- Born: Timothy James White November 1, 1974 Merced, California, U.S.
- Disappeared: February 13, 1980 (aged 5) Ukiah, California, U.S.
- Died: April 1, 2010 (aged 35) Santa Clarita, California, U.S.
- Spouse: Dena
- Children: 2

= Timothy White (abduction victim) =

American child kidnapping victim (1974–2010)

Timothy James White (November 1, 1974 – April 1, 2010) was an American boy who was abducted in 1980 by pedophile Kenneth Parnell and held for several weeks before he was rescued by fellow child captive 14-year-old Steven Stayner, who escaped and guided the 5-year-old to safety.

== Kidnapping ==
Seven years prior to White's kidnapping, Parnell kidnapped seven-year-old Steven Stayner as he walked home from school. As Stayner aged, Parnell lost interest in him and was motivated to kidnap another younger boy. Parnell enlisted Stayner as an accomplice in a few earlier kidnappings which failed due to Stayner failing to follow directions (Stayner later admitted he intentionally sabotaged the aborted kidnappings in order to spare other children his fate). Thinking Stayner was an incompetent criminal, Parnell cajoled one of Stayner's teenage friends, a local boy named Sean Poorman, into being an accomplice, promising him drugs and money.
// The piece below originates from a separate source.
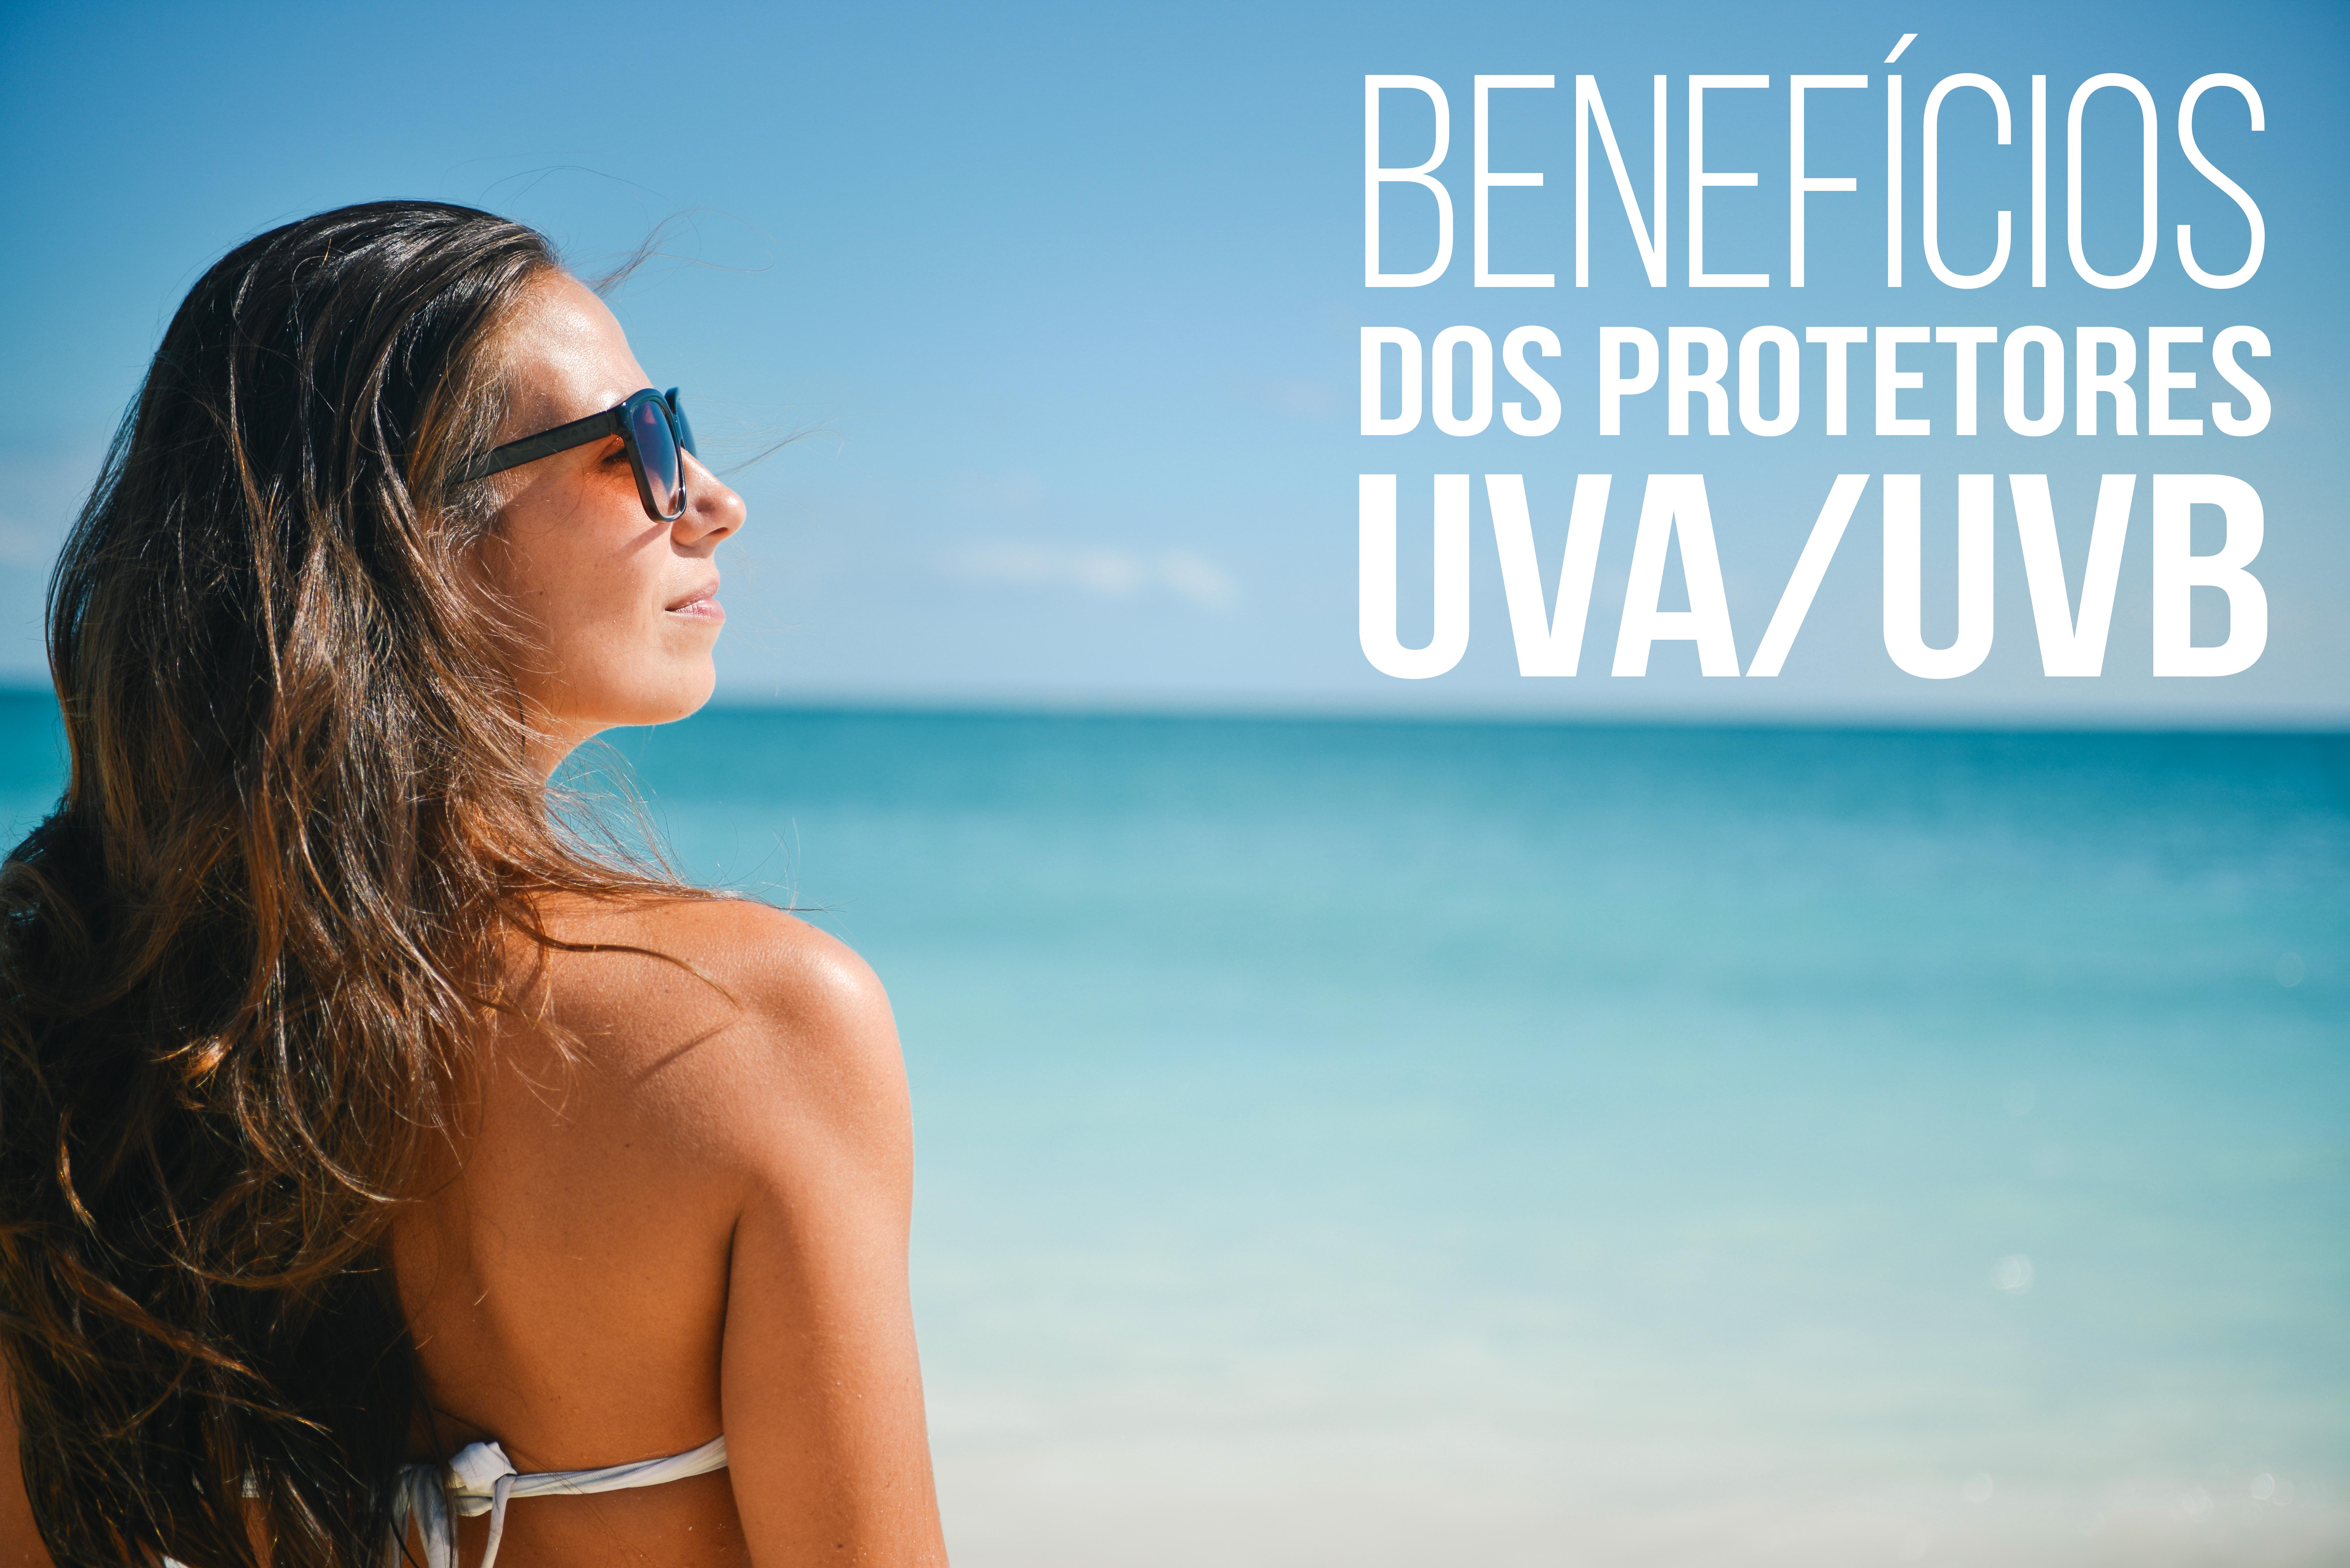 Benefícios dos protetores UVA/UVB

On February 13, 1980, Poorman noticed 5-year-old White, who was playing outside his parents' house in Ukiah, California. and ushered him into Parnell's getaway car. When White refused and attempted to run indoors, Poorman shoved the boy against a chain link fence, forced him to loosen his grip, then dragged him kicking and screaming into the car. Parnell made quick work in grooming White, as he had done with Stayner's abduction, repeatedly trying to get White to think his new name was "Tommy". Parnell paid off Poorman with the promised cash and marijuana, then ordered him to leave and never speak of the incident. Parnell also dyed White's blond hair dark brown in order to mask his appearance from the forthcoming missing child posters. Ultimately, Parnell would pass White off as his younger son and Stayner's brother. White forged a bond with Stayner during the 16 days he was held captive and spoke favorably of how the older boy took care of him. Stayner, determined to not see another child suffer the systematic sexual abuse that he endured, sought to return White to his parents.

== Escape ==
On March 1, 1980, Stayner and White escaped while Parnell was at work. Parnell lived in remote backcountry; they walked a quarter of a mile down a road until a passing truck driver took them to Ukiah, California. White was able to direct the driver to a babysitter's house, but no one was home. Since White could not recall where his parents lived, Stayner went to a phone booth and found the address of the Ukiah police station. At the station, Stayner told White to walk inside and tell them who he was. White approached the door, but got scared and ran back to Stayner. Officers observed this, stopped the boys from leaving, and soon learned their identities.

Parnell was convicted of abducting Stayner and White in separate trials. He was sentenced to seven years for the kidnapping of White, and seven months for kidnapping Stayner, and was paroled after five years. Parnell was not charged with sexually assaulting Stayner because those offenses had occurred in another county and were outside the jurisdiction of the Merced County prosecutor. Authorities were satisfied that White had not been sexually assaulted.

The White family maintained contact with the Stayners, and when Stayner died in a motorcycle accident in 1989, a then 14-year-old White was a pallbearer.

== Later life and death ==
White died on April 1, 2010, from a pulmonary embolism, at the age of 35.

On August 28, 2010, a statue of White and Stayner escaping hand in hand was dedicated in Applegate Park in Merced.